これらの病気になると、体に入ってきた病原菌を倒してくれる免疫構造が暴走してしまい自分の組織も攻撃することで白斑がみられてしまいます。

貧血

貧血になる原因はビタミンB12と葉酸の欠乏ですが、これらが不足することが白髪の原因にもなります。ビタミンB12にはメラノサイトを活発化させる働きがあるためメラニンを増加させます。

葉酸もビタミンB群のうちの一つでビタミンB9と呼ばれており、ビタミンB12と一緒に血液を生成します。血液が足りないと、メラニン生成に必要なチロシンを運べなくなり、白髪となってしまうのです。

成人成長ホルモン分泌不全症

成長ホルモンは加齢とともに減少していきますが、成人なのに成長ホルモンが元々少ない人のことを成人成長ホルモン分泌不全症といいます。

すぐ疲れやすかったり、体脂肪がつきやすかったりする病気であまり自覚することはありません。成長ホルモンは白髪の防止と改善をしてくれます。若くして白髪になったらこの病気である可能性があります。

神経線維腫症

この病気になると神経や皮膚に様々な症状が現れます。その中の代表的な症状として「カフェオレ斑」というものがあります。

これは、メラノサイトの異常によって、体の一部や複数個所にカフェオレ色のアザができてしまう症状ですが、頭皮にできることによって、その上に生えている毛が白髪になることがあります。

ウェルナー症候群

早老症と呼ばれるウェルナー症候群は日本人に多い病気で、成人になってから発症し、急速に老化していきます。
老化に伴い成長ホルモンの分泌低下やメラノサイトも衰えるので白髪となってしまいます。

眉毛やまつ毛はどうして白髪になりにくい?

髪の毛は白髪だけど、まつ毛や眉毛も白髪の人ってあまり見たことがないですよね。もちろん、まつ毛や眉毛も白髪にはなるのですが、髪の毛に比べると白髪になることは少ないです。

これには血流の良し悪しが関係しています。

眉毛やまつ毛は、表情筋を使って上下に動かしたり、瞬きをすることによって血流がよくなっています。それに比べて頭皮は自分でマッサージでもしないとほぼ動くことはないので血流がいいとは言えません。

髪の毛が黒くなる要因であるメラニンはチロシンという物質とチロシナーゼという酵素が元となり、メラノサイトの中で生成されます。

チロシンは毛細血管の中を移動してくるので、血流がいいとチロシンがメラノサイトに届きやすくなります。よって、血流がいいということはメラニンが生成されやすくなり、結果白髪になりにくくなるのです。

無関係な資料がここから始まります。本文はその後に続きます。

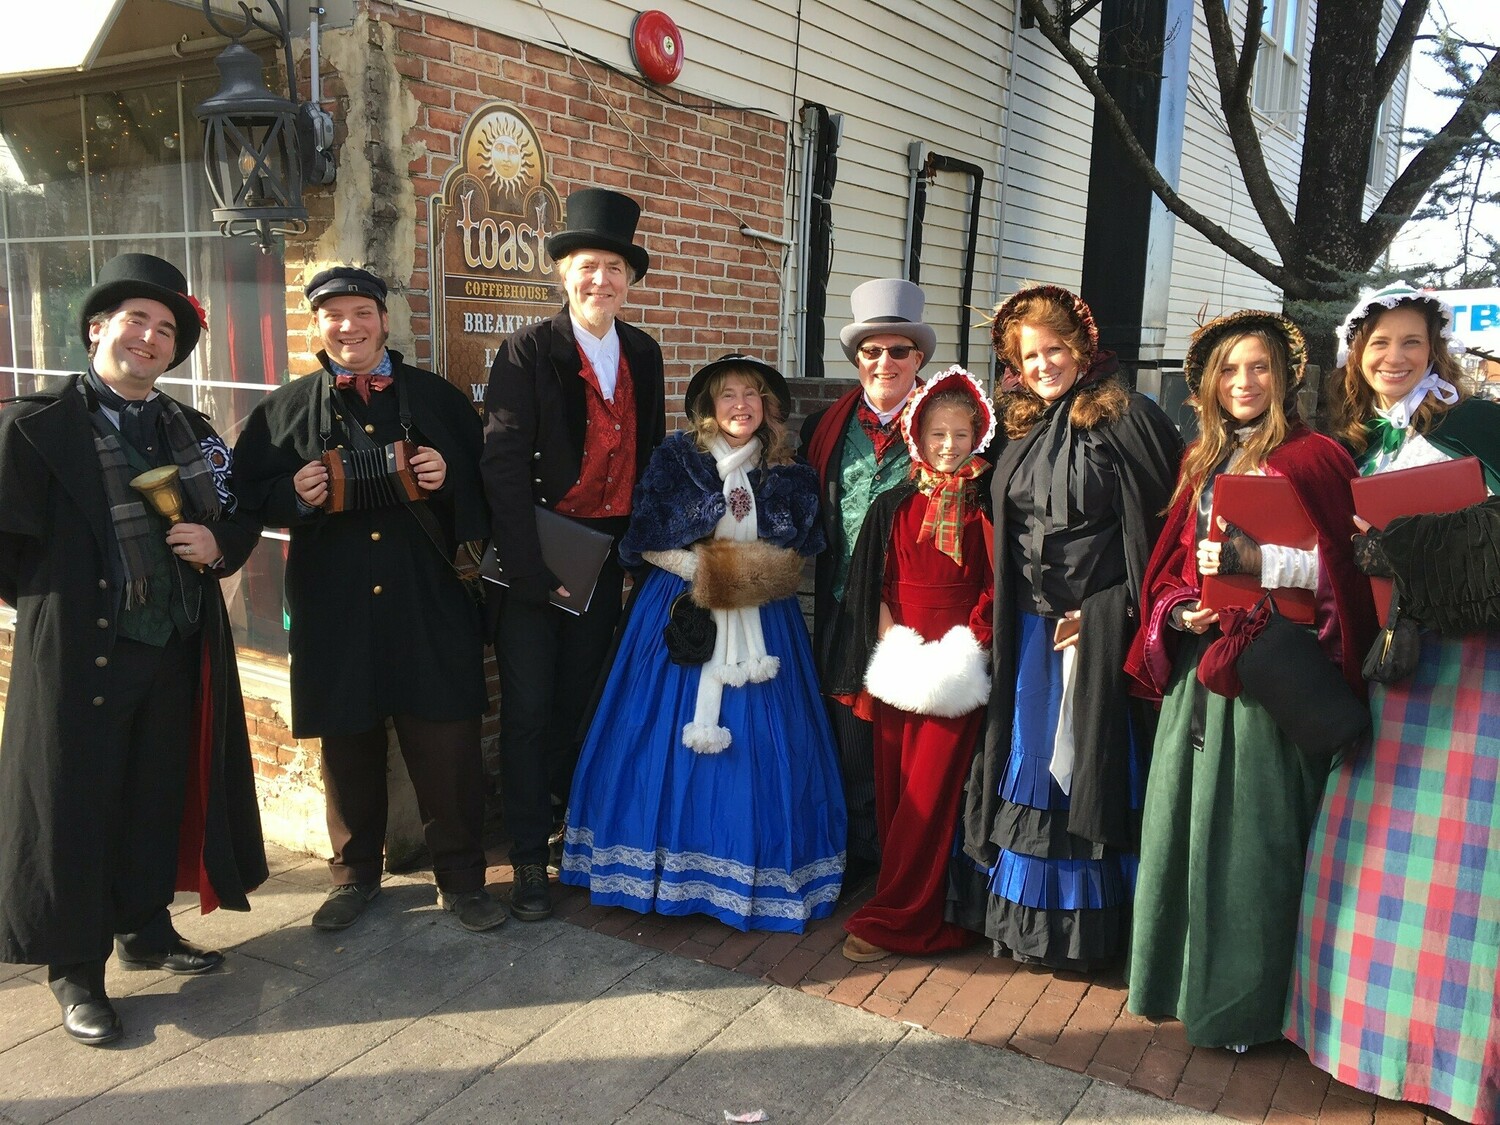 The Dickens Carolers will make their way from the Sag Harbor Historical Society to the lighting of the Christmas tree on Long Wharf in Sag Harbor on December 2.
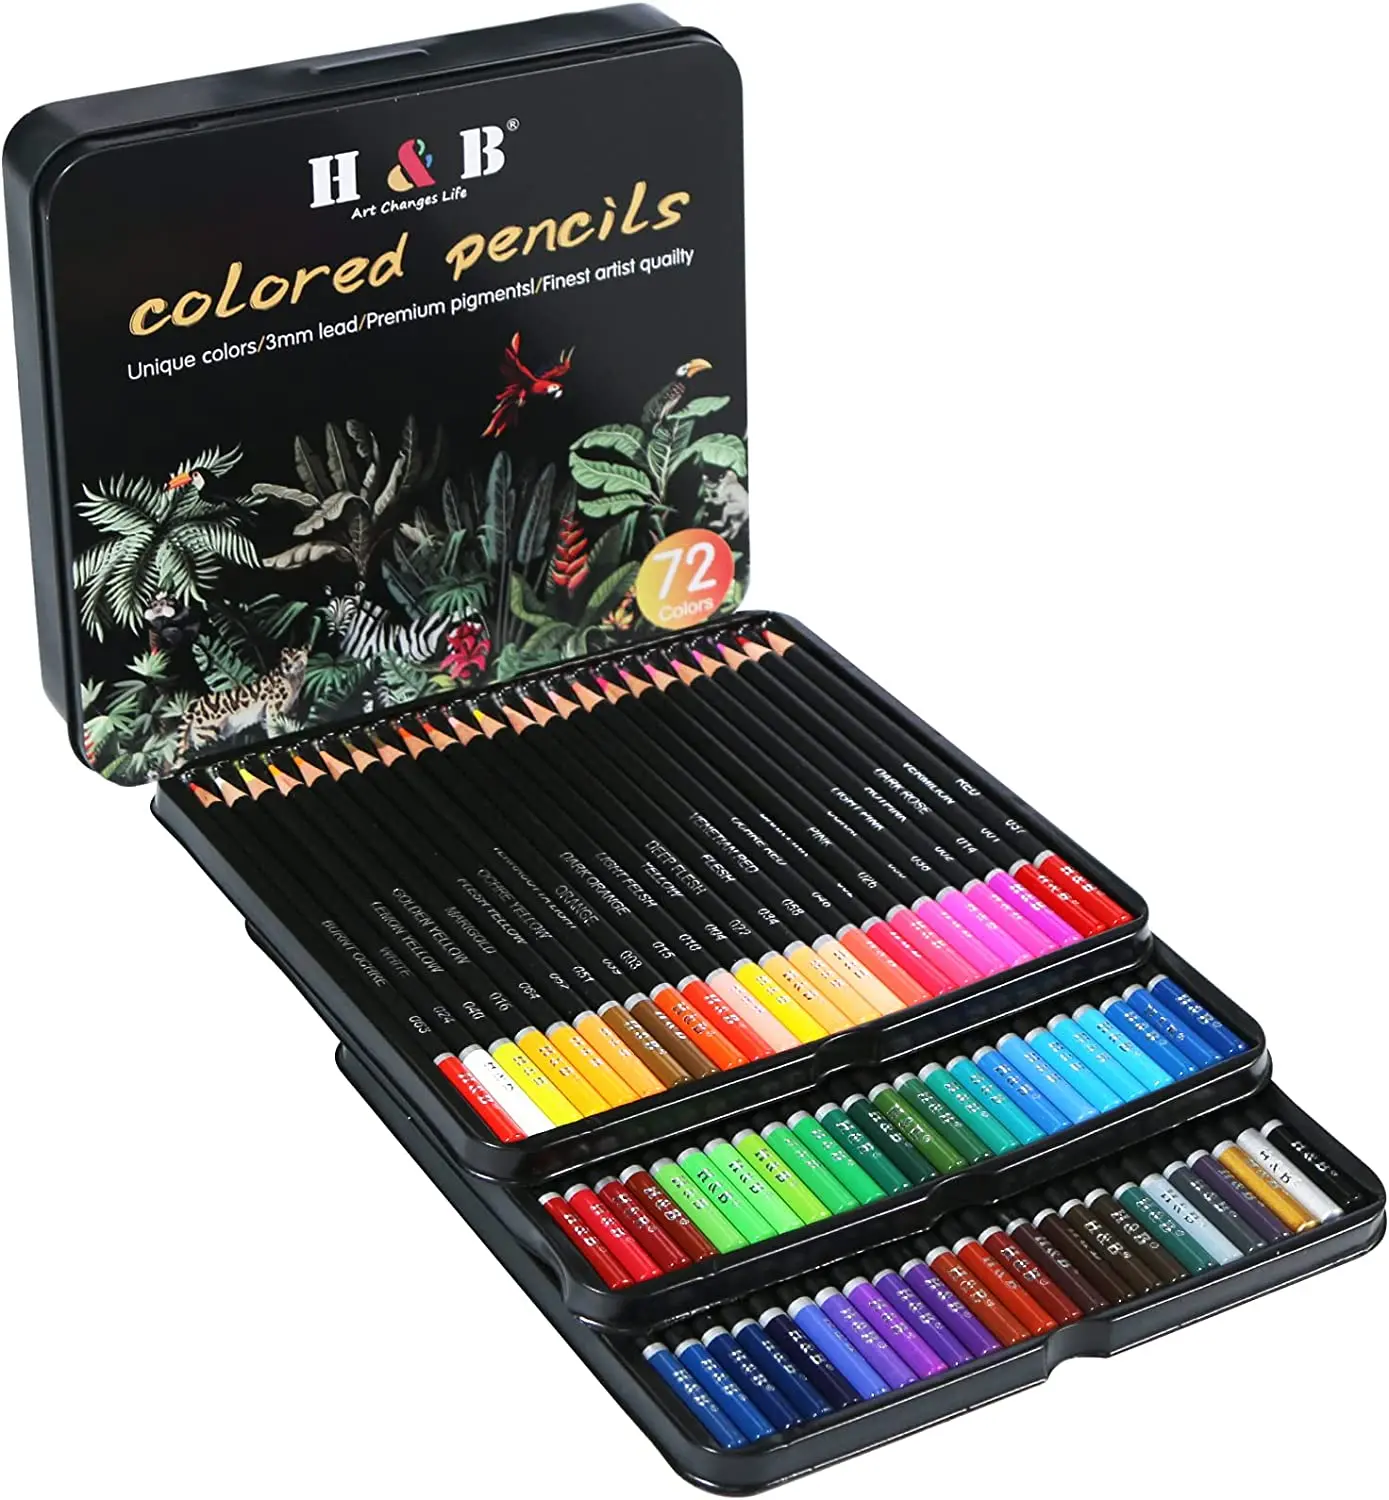 Colored Pencils,Drawing Pencil Set Oil Based Color Pencils Professional Colouring Pencils for Adults Beginners Art Supplies multipurpose oil pastel colored crayons practical art painting tool suitable for kids beginners students stationery supplies

しかし、最近はパソコンやスマートフォンが普及し、画面をみている間は熱中することによって瞬きをしない人が増えてきています。すると、まつ毛や眉毛の血流がいいとは言えない状況になり、これらも白髪になってしまう恐れがあります。

パソコンやスマートフォンを操作するときは意識的に瞬きをするようにしたり、できるだけ表情豊かにして、表情筋をうごかしてみたりしましょう。

まとめ

髪の毛は元々全部真っ白であり、メラニンによって色付けされていることがわかりました。原因は病気を除き、ほぼ規則正しい生活に戻すだけで改善されそうなものばかりです。白髪が生えてきてしまったら抜かずに生活を見直してみましょう。白髪の根本が黒くなってくることもあります。毛根から抜いてしまうと、せっかく黒色に戻る希望までも摘み取ってしまうことになるのです。